(PROBLEM TO WORK ON)
Everything from the line that has "Cuisinart - Electric" to the last line of the listing must be repeated exactly, and nothing more; omit the pictures.

(DATASET SECTION)
--- --- ---

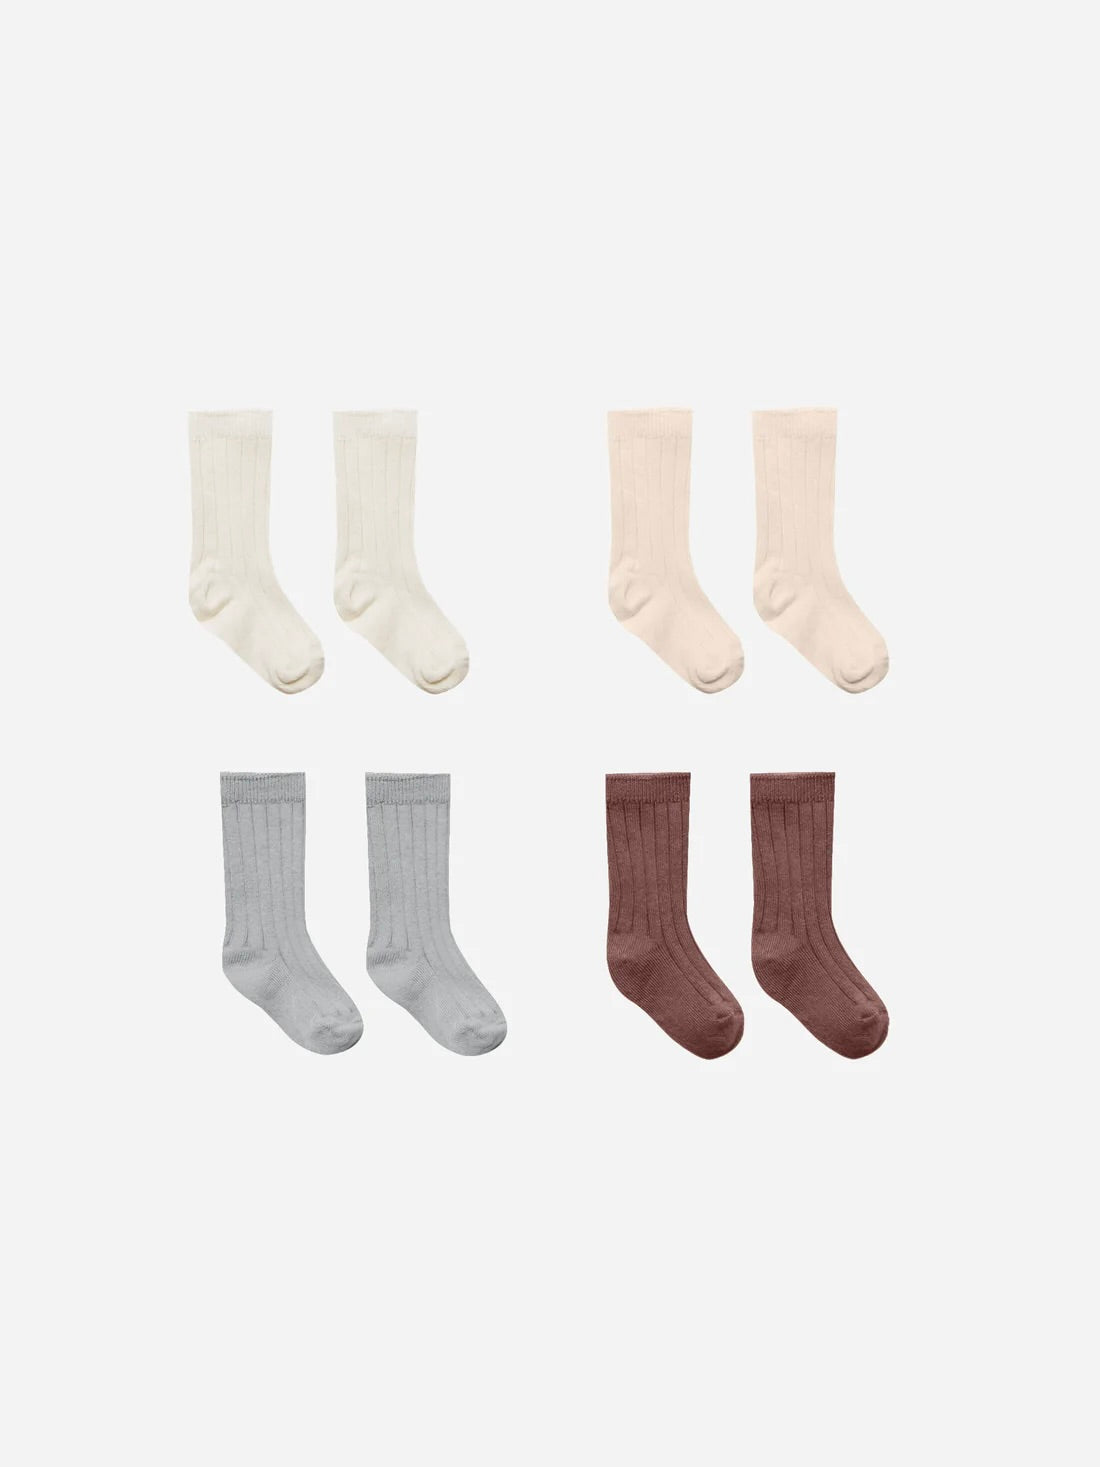 Socks- Set of 4
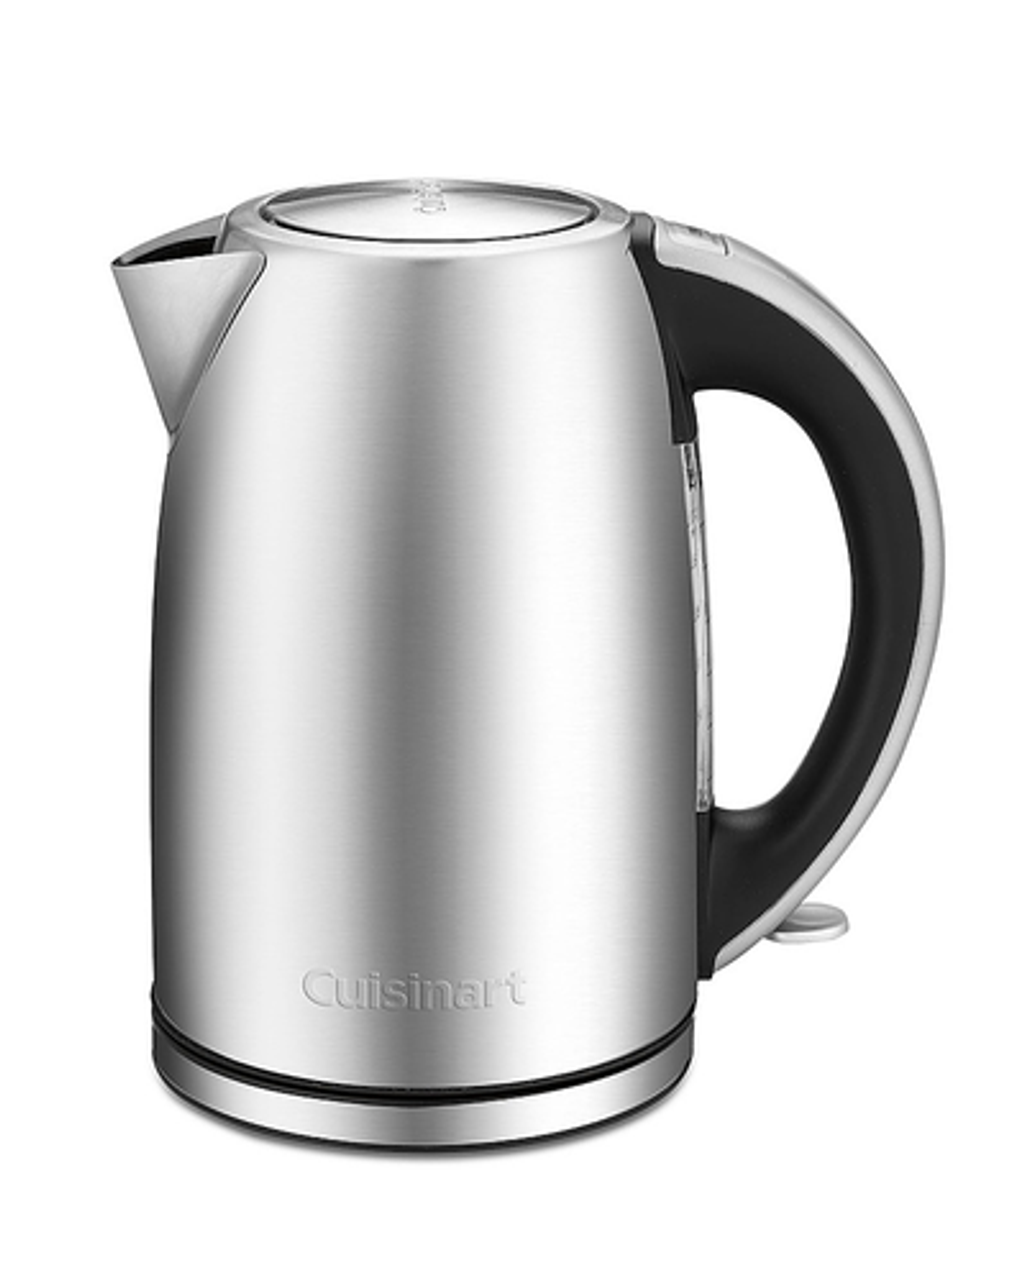 Cuisinart - Electric Cordless Tea Kettle - Silver
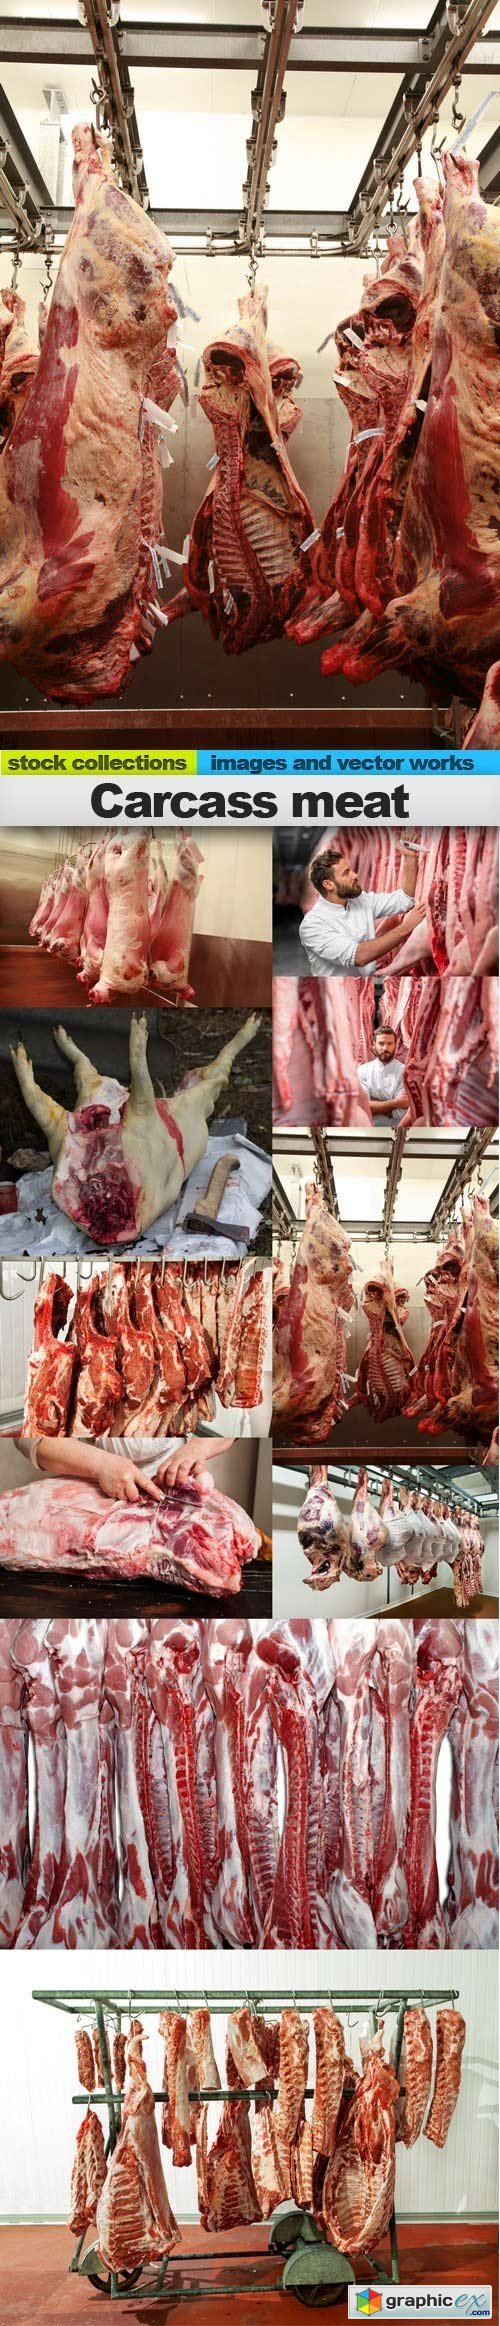 Carcass meat, 15 x UHQ JPEG

--- --- ---

(ANSWER FOR THE TASK)
 Cuisinart - Electric Cordless Tea Kettle - Silver
 Carcass meat, 15 x UHQ JPEG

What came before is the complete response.